RECORDS FOR THE EXERCISE:
----------
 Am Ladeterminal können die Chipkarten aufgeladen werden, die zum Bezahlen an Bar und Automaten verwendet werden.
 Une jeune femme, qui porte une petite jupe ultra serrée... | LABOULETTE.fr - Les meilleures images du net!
----------
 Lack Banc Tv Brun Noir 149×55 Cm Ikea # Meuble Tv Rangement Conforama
----------
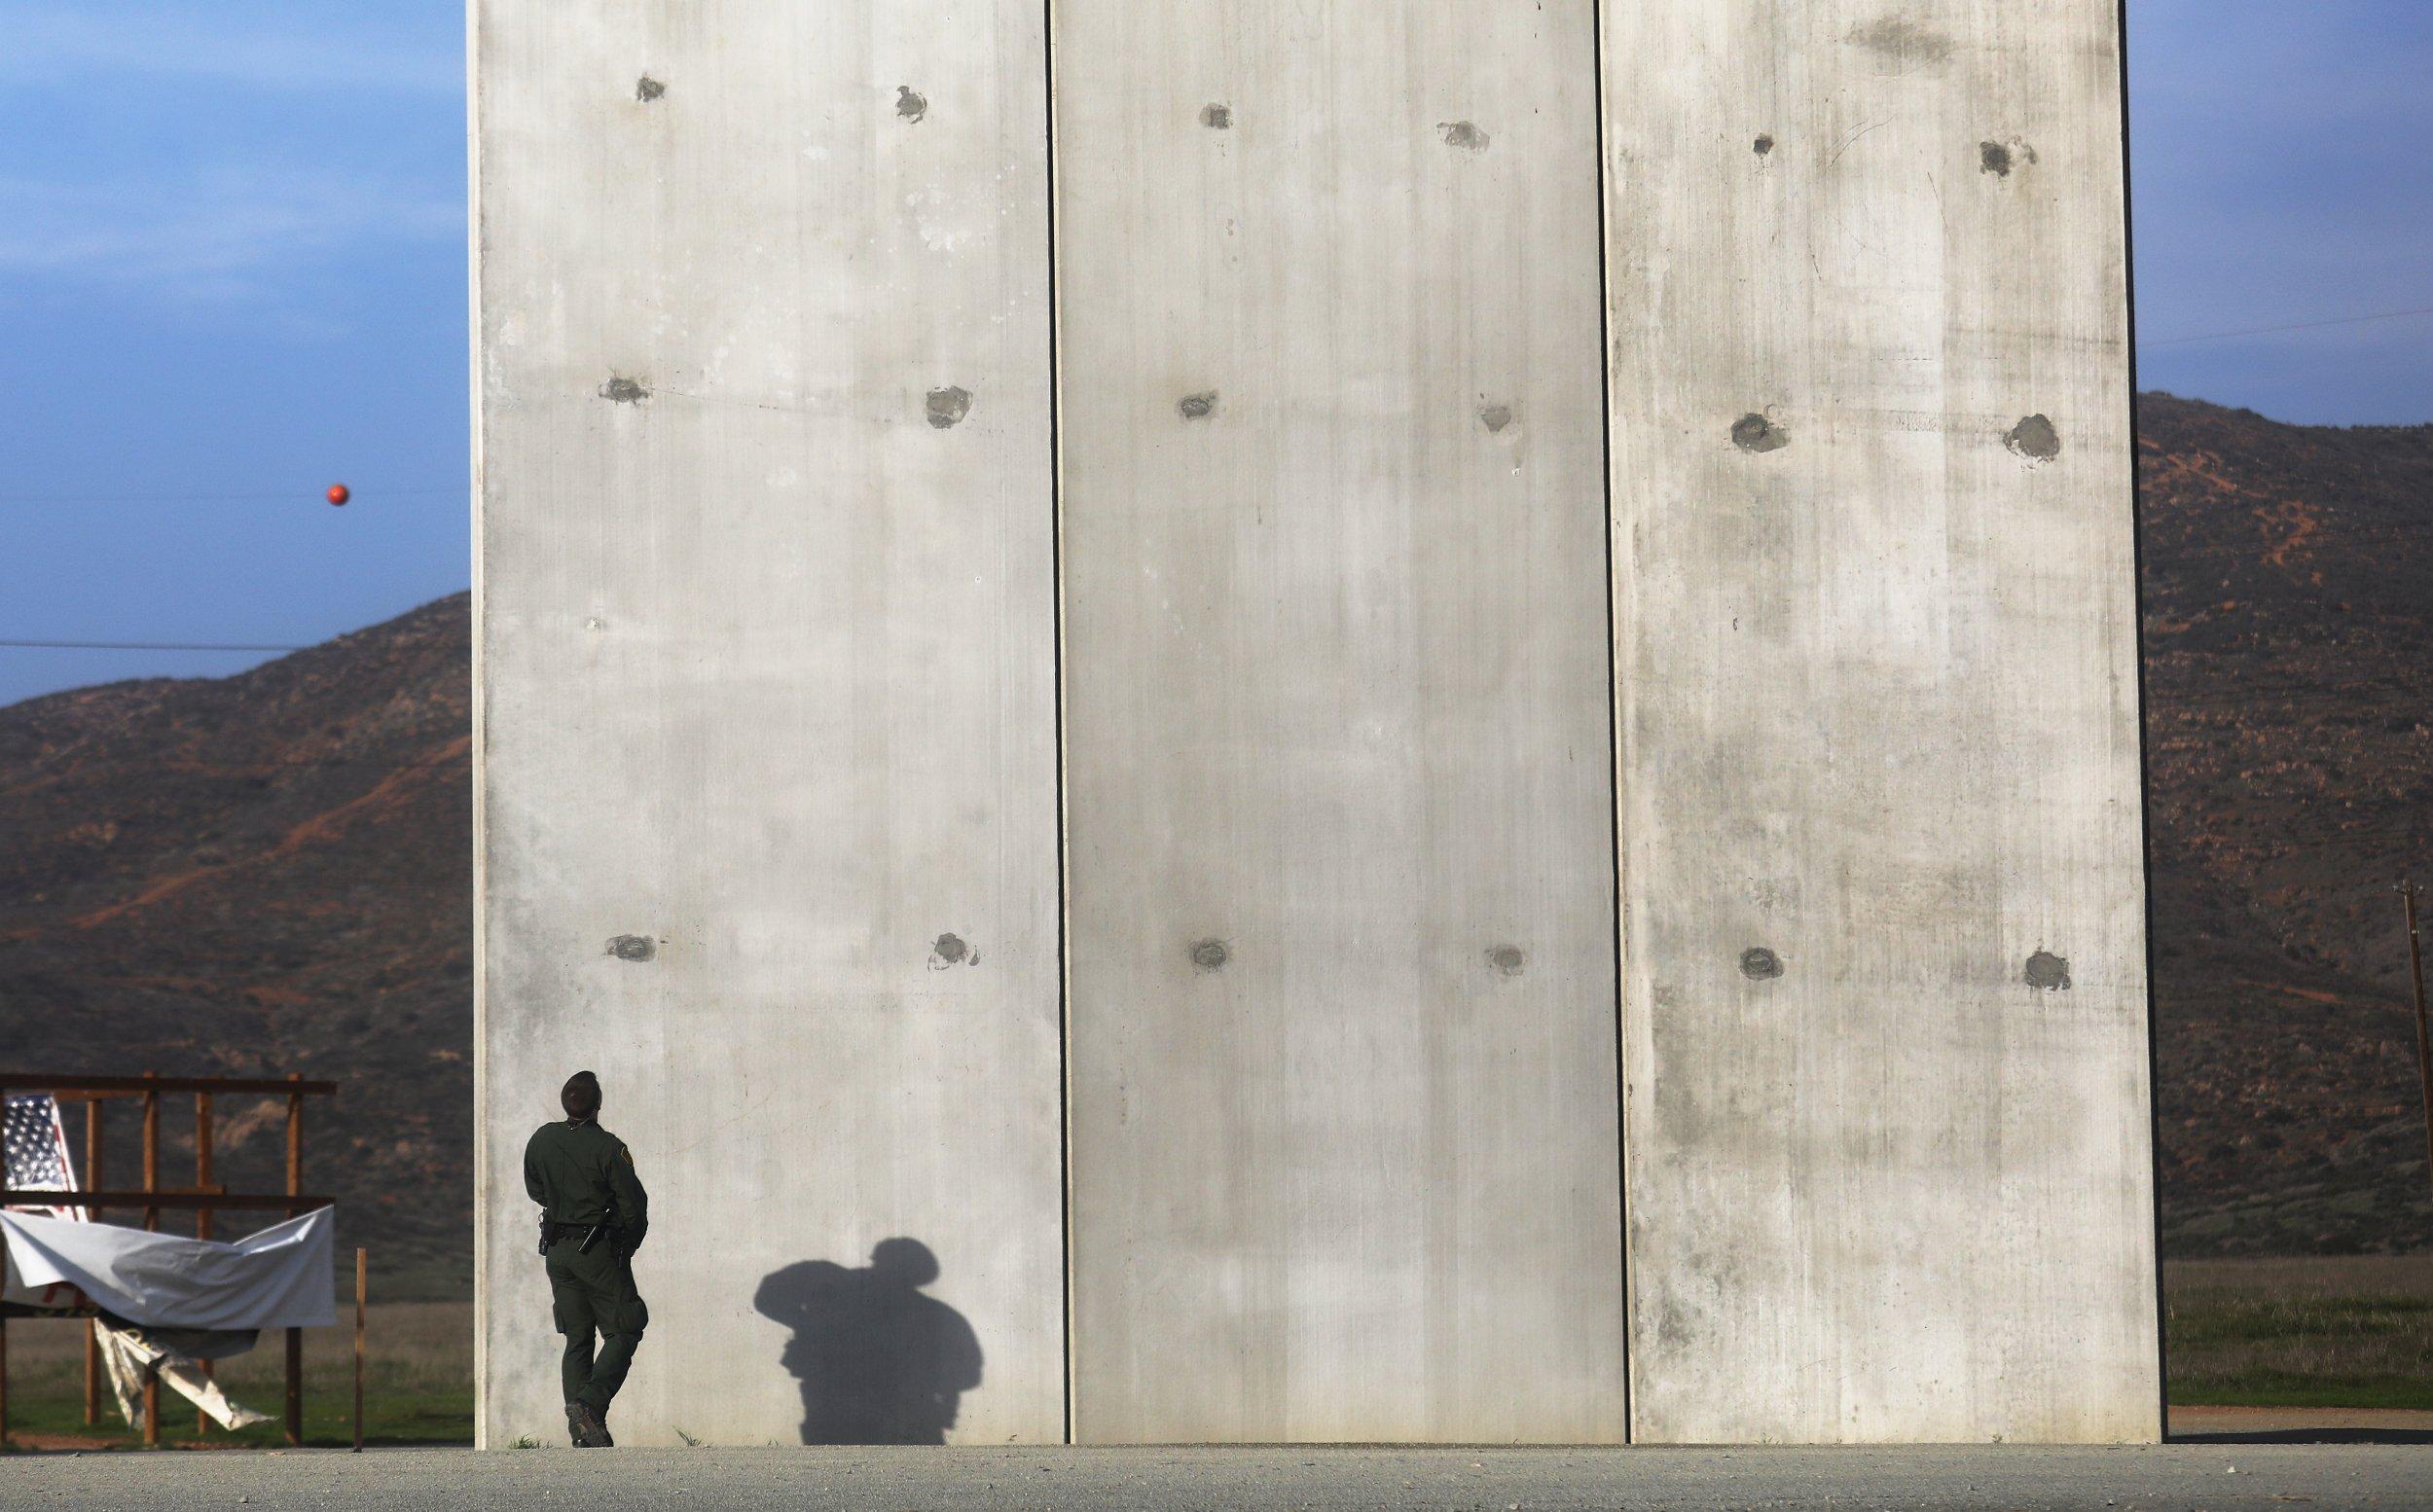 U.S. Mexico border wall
----------
WHAT IS BEING ASKED:
In the listing above, locate the line with "Am Ladeterminal können" and the line with "Une jeune femme, qui", then extract exactly those lines and every line between them, and nothing more.

COMPLETED TASK:
 Am Ladeterminal können die Chipkarten aufgeladen werden, die zum Bezahlen an Bar und Automaten verwendet werden.
 Une jeune femme, qui porte une petite jupe ultra serrée... | LABOULETTE.fr - Les meilleures images du net!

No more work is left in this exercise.